Residents of Massachusetts have clearly chosen to tune out the national chatter and look at their own experience. Most polls show that the state reforms are strongly supported by the public, business leaders and doctors, often by 60 percent or more.

There are still real problems that need to be solved. Small businesses are complaining that their premiums are rising faster than before, although how much of that is because of the reform law is not clear.

Insuring more people was expected to reduce the use of emergency rooms for routine care but has not done so to any significant degree. There is no evidence to support critics’ claims that the addition of 400,000 people to the insurance rolls is the cause of long waits to see a doctor.

What reform has not done is slow the rise in health care costs.

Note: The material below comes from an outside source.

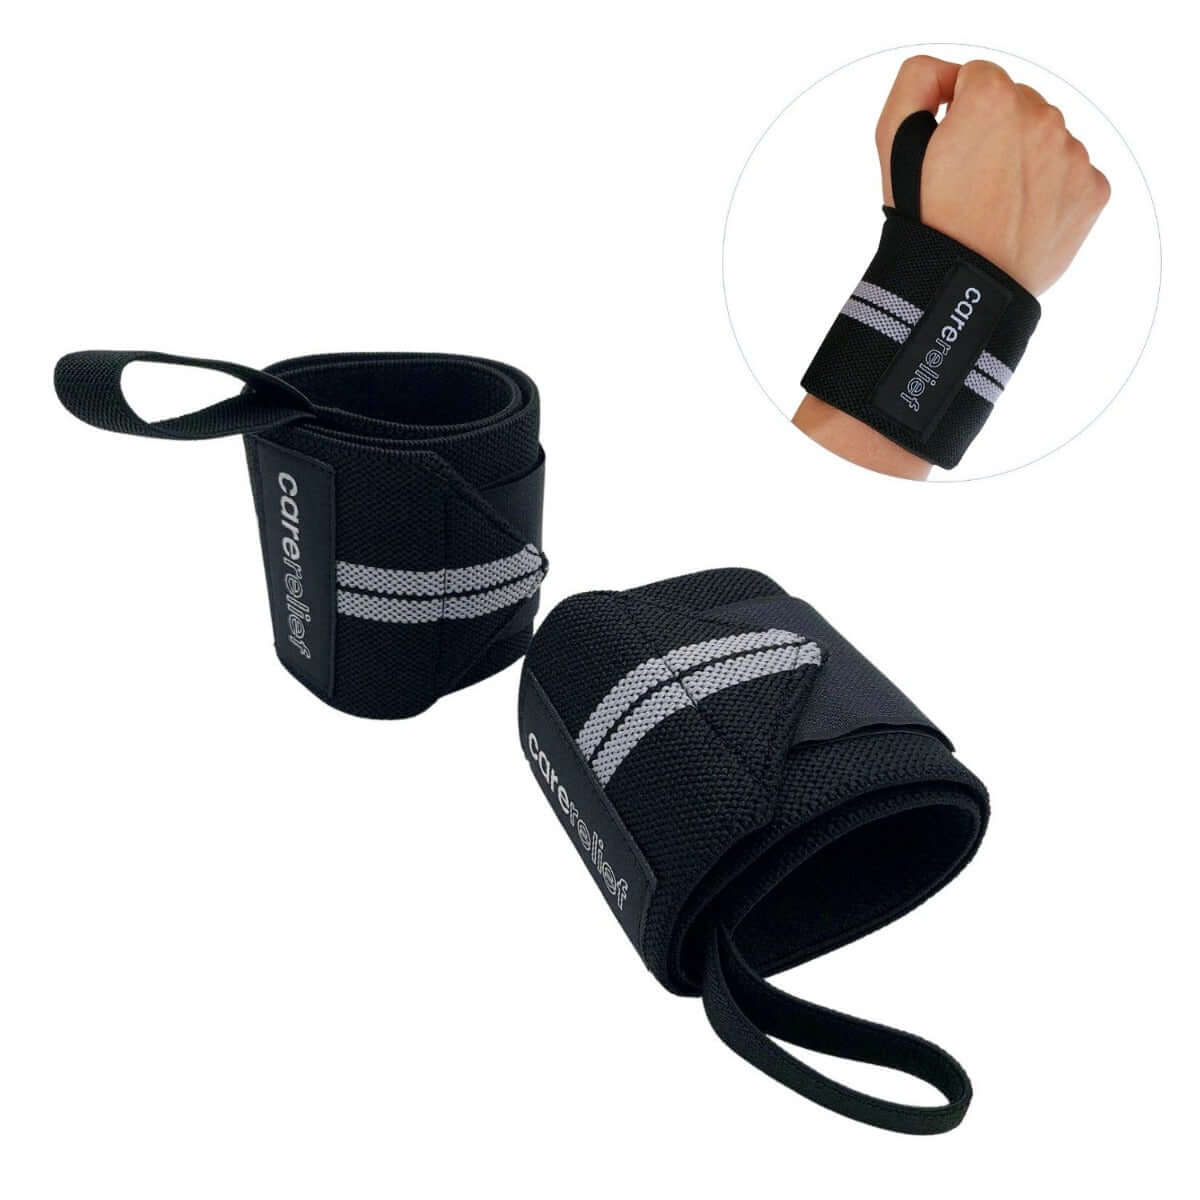 Køb Wrist Wraps med håndledsstøtte til sport og træning håndleddene, sort/grå, 8 x 55 cm. Køb wrist wraps håndledsbeskytter bind HL30 hos Carerelief.dk.

Massachusetts put off addressing that until it had achieved universal coverage. No one should minimize the challenge, but serious efforts are now being weighed.

Gov. Deval Patrick has submitted a bill to the Legislature that would enhance the state’s powers to reject premium increases, allow the state to limit what hospitals and other providers can be paid by insurers, and promote alternatives to costly fee-for-service medicine. The governor’s goal is to make efficient integrated care organizations the predominant health care provider by 2015.

The national reform law has provisions designed to reduce spending in Medicare and Medicaid and, through force of example, the rest of the health care system. Those efforts will barely get started by the time Massachusetts hopes to have transformed its entire system. Washington and other states will need to keep a close watch.